- _DATASET SECTION_:
------------------------------

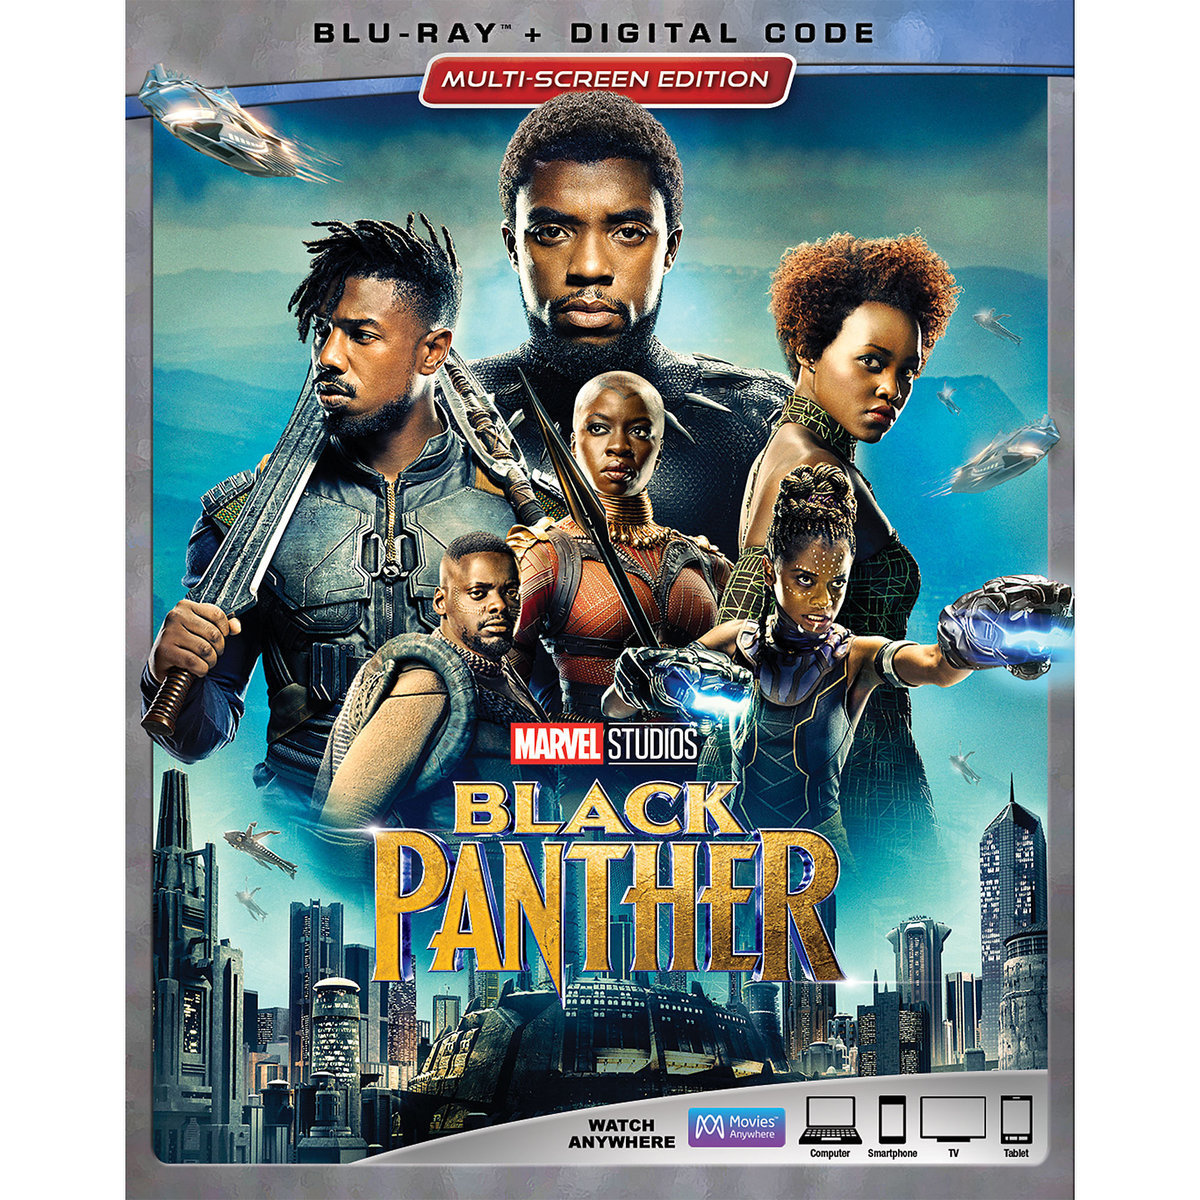 Black Panther DVD and Blu-ray combo
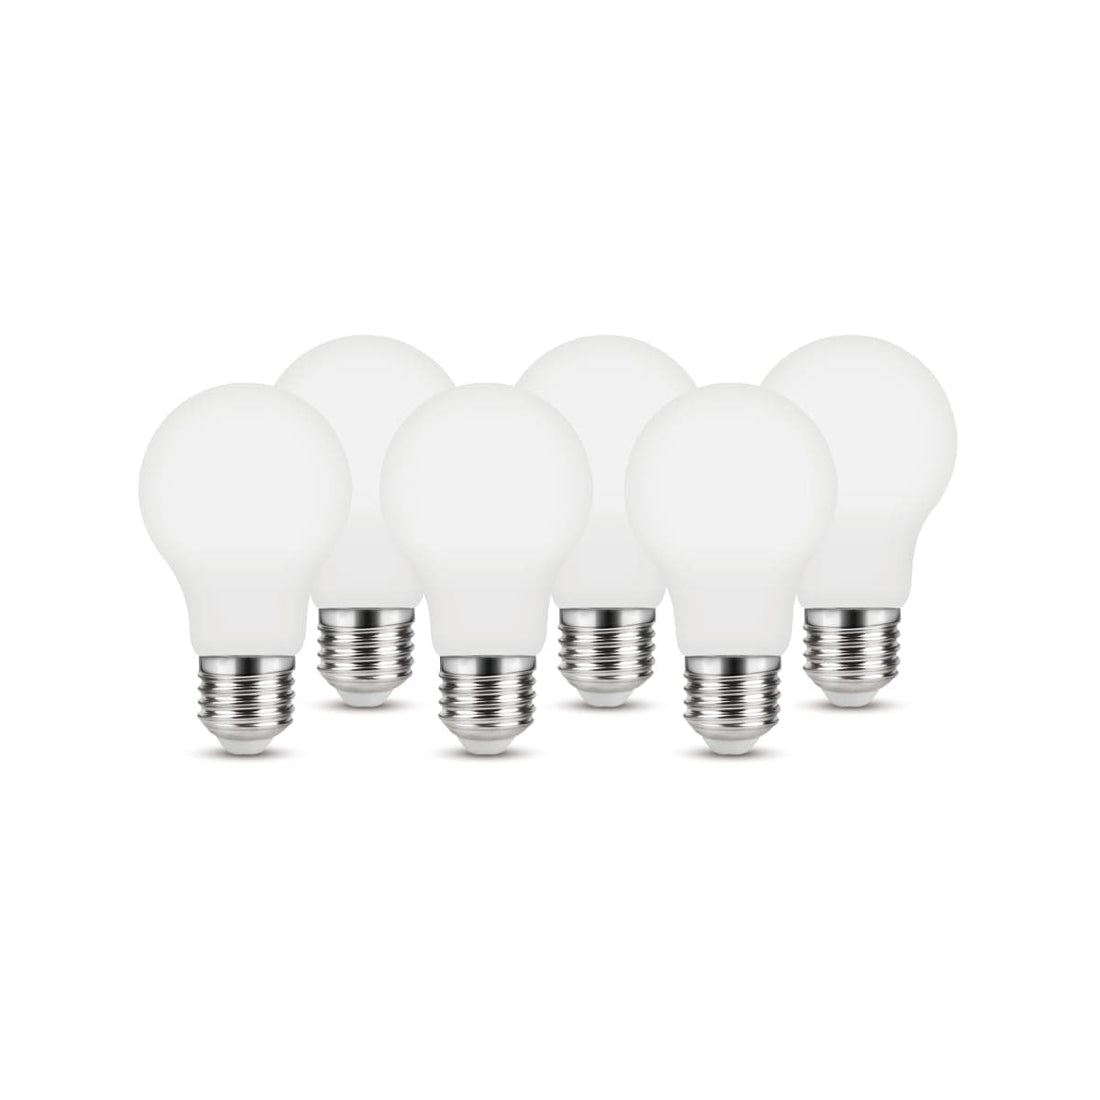 6 LED BULBS 100W FROSTED SPHERE NATURAL LIGHT
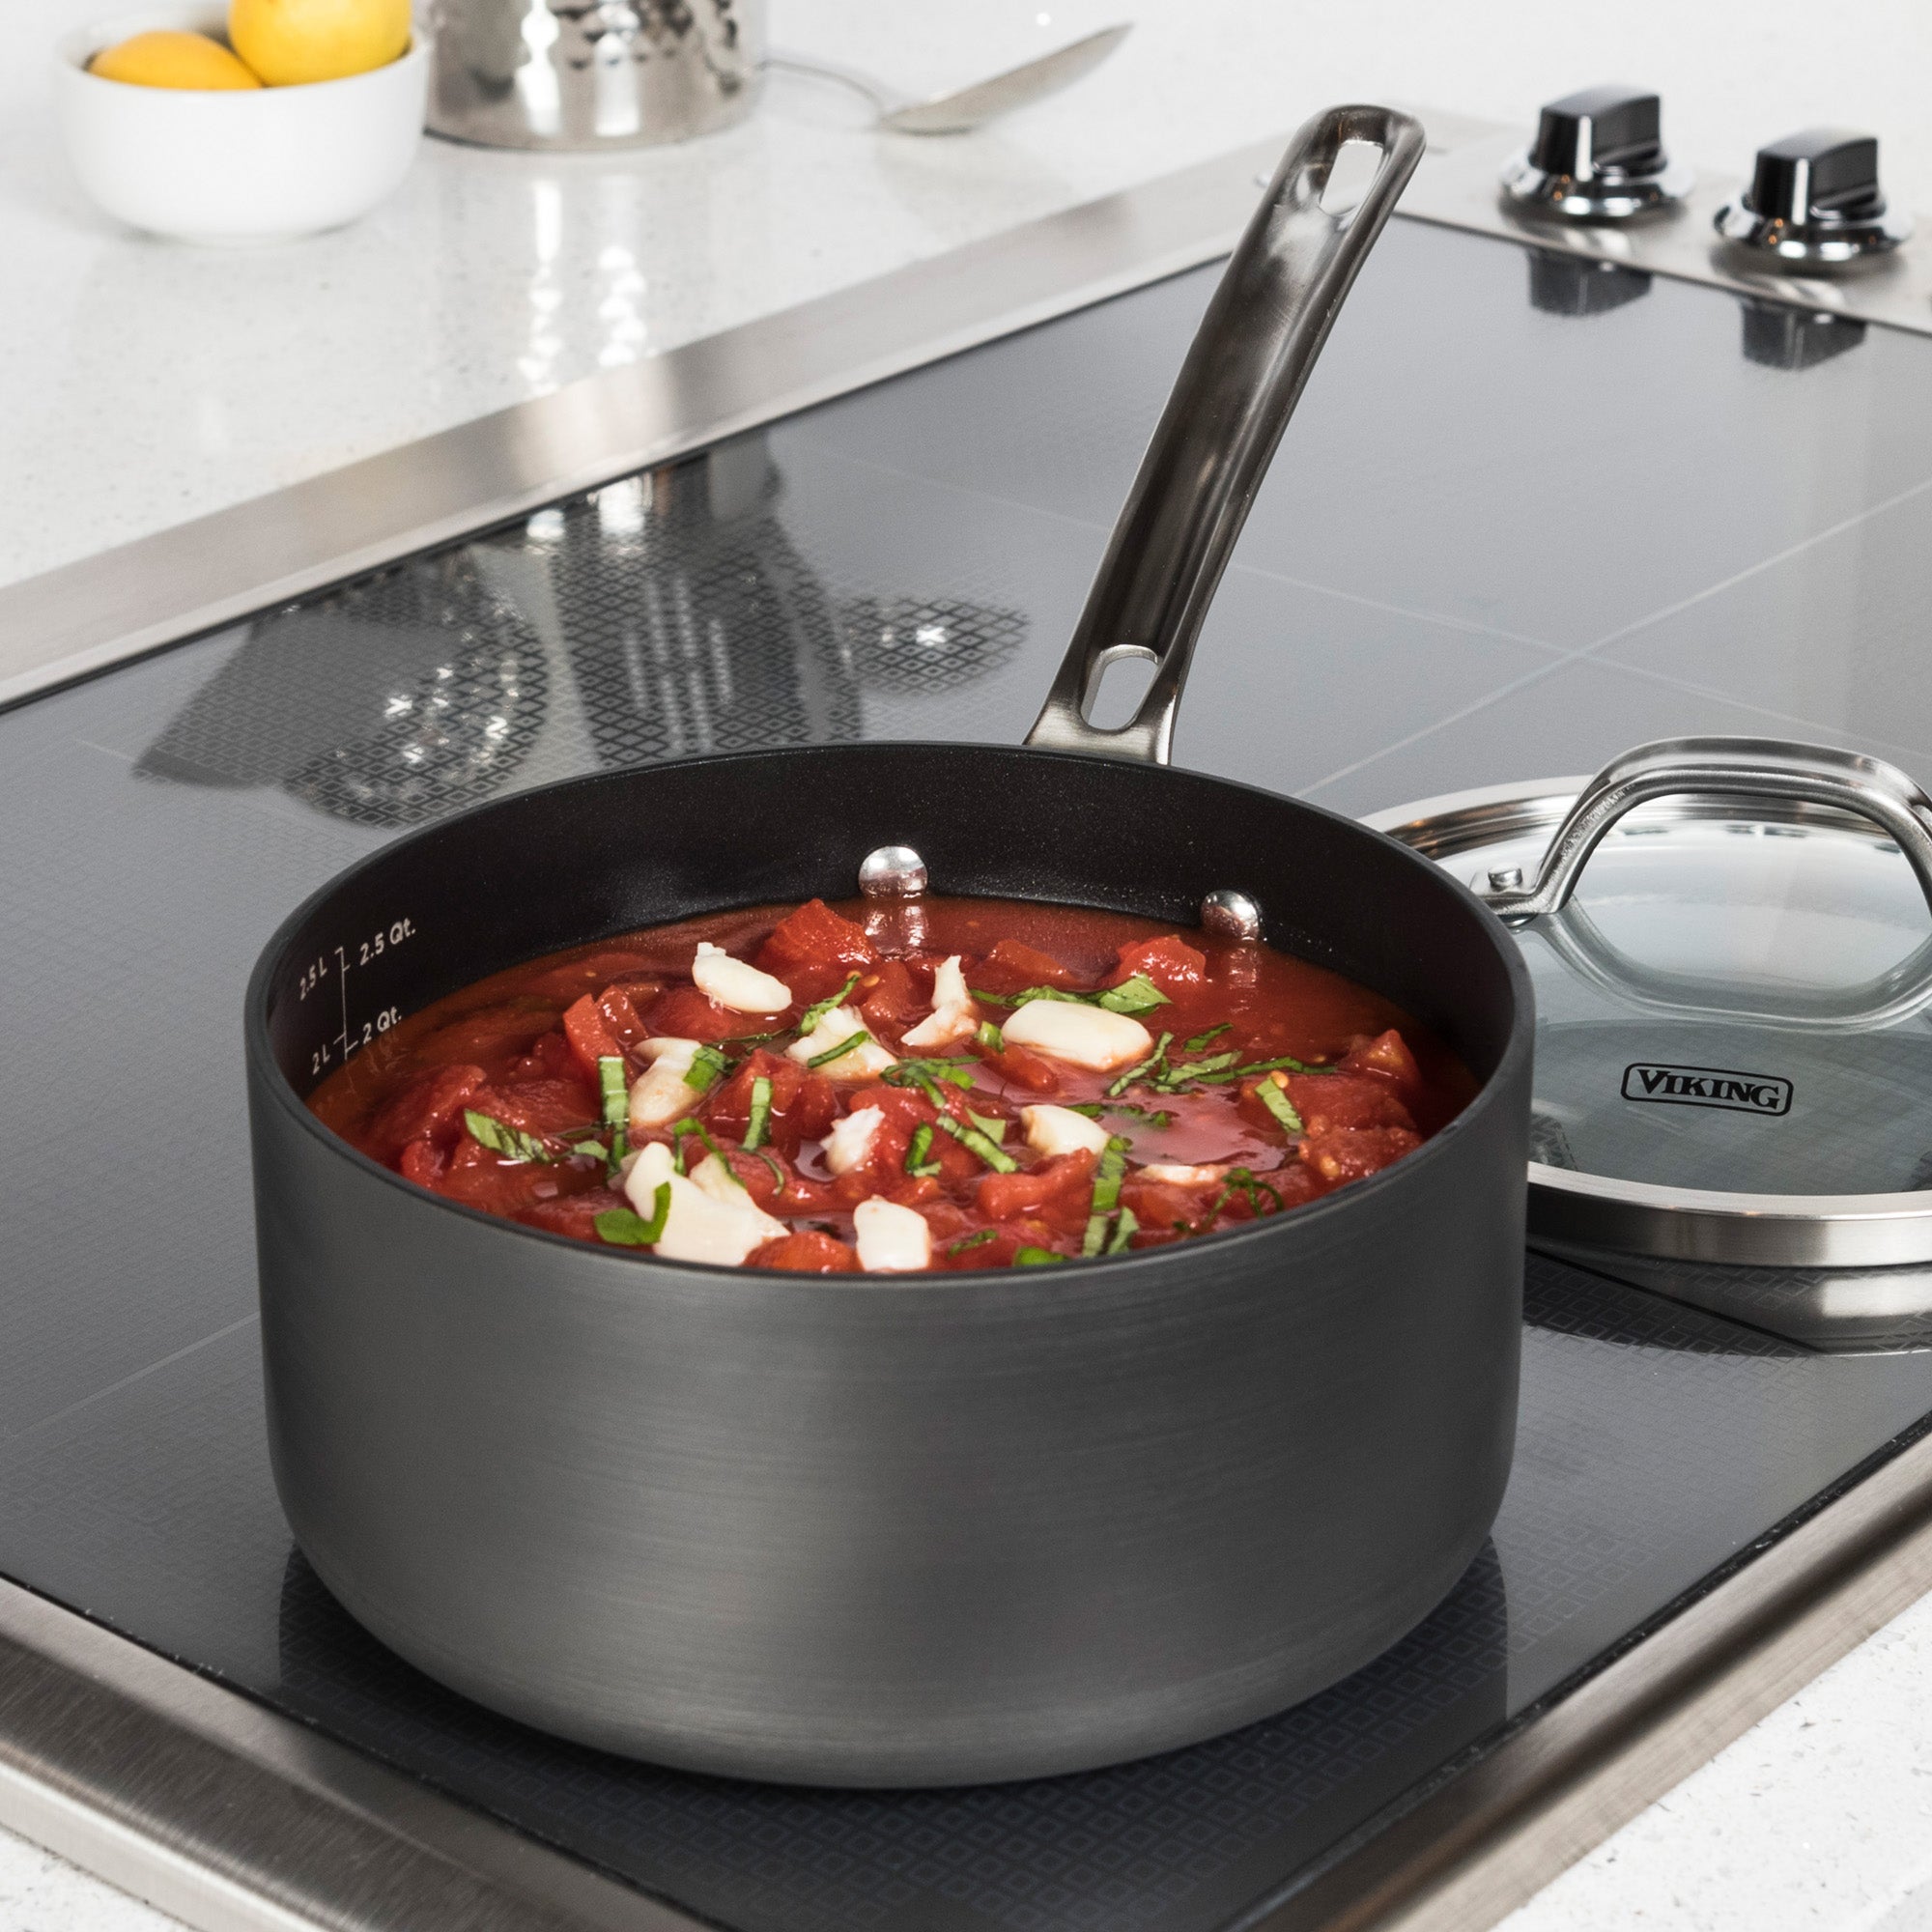 Select by Calphalon Hard-Anodized Nonstick 2.5-Quart Sauce Pan with Lid
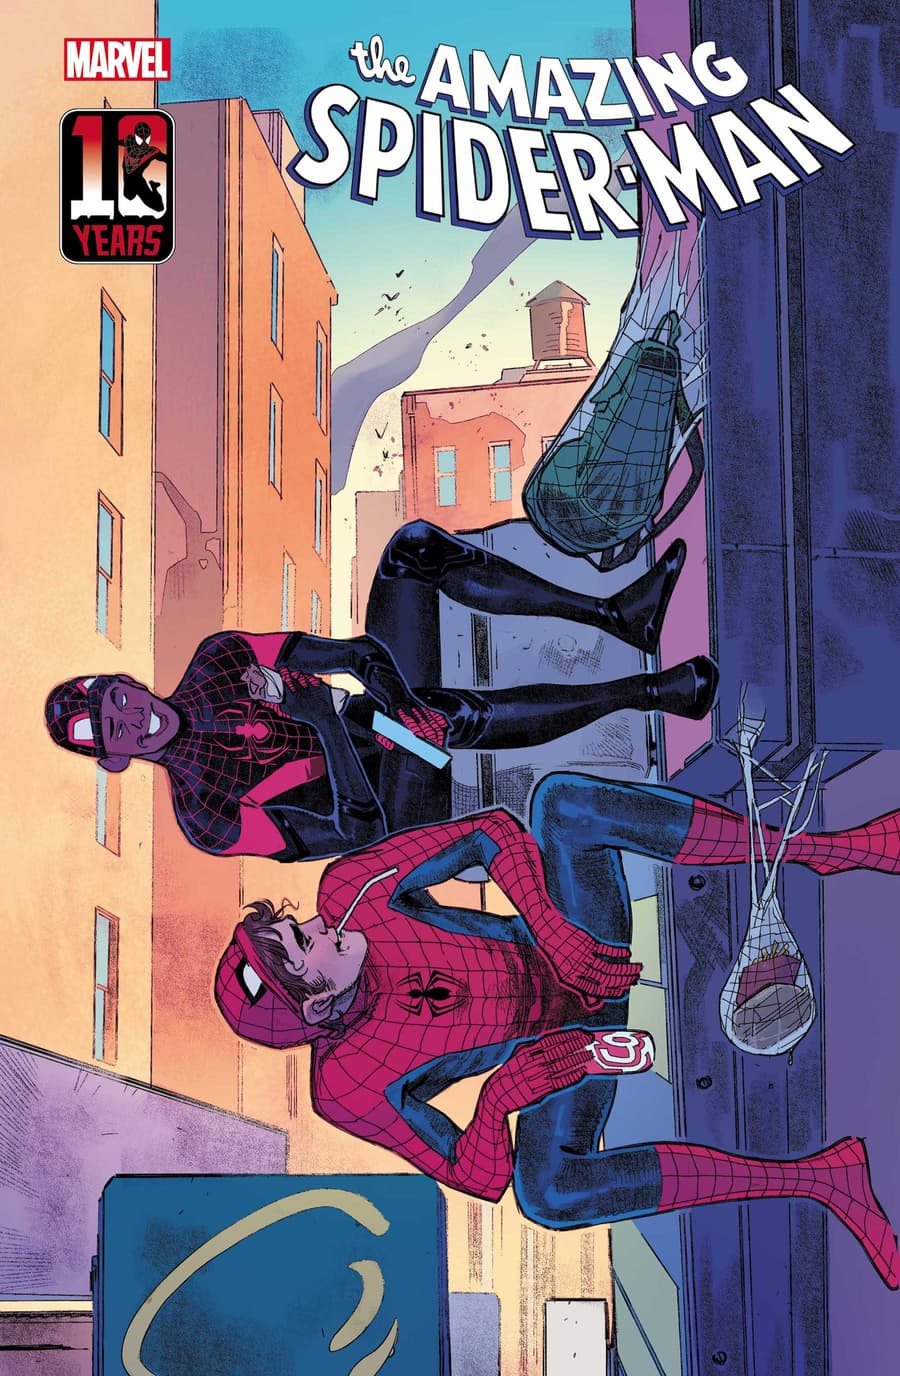 AMAZING SPIDER-MAN #74 MILES MORALES 10th ANNIVERSARY VARIANT COVER by SARA PICHELLI with colors by TAMRA BONVILLAIN

------------------------------

- _WHAT THE TASK REQUIRES_: Write out the material exactly as it stands, omitting every picture.

- _SOLUTION TO THE PROBLEM_:
 Black Panther DVD and Blu-ray combo
 6 LED BULBS 100W FROSTED SPHERE NATURAL LIGHT
 Select by Calphalon Hard-Anodized Nonstick 2.5-Quart Sauce Pan with Lid
 AMAZING SPIDER-MAN #74 MILES MORALES 10th ANNIVERSARY VARIANT COVER by SARA PICHELLI with colors by TAMRA BONVILLAIN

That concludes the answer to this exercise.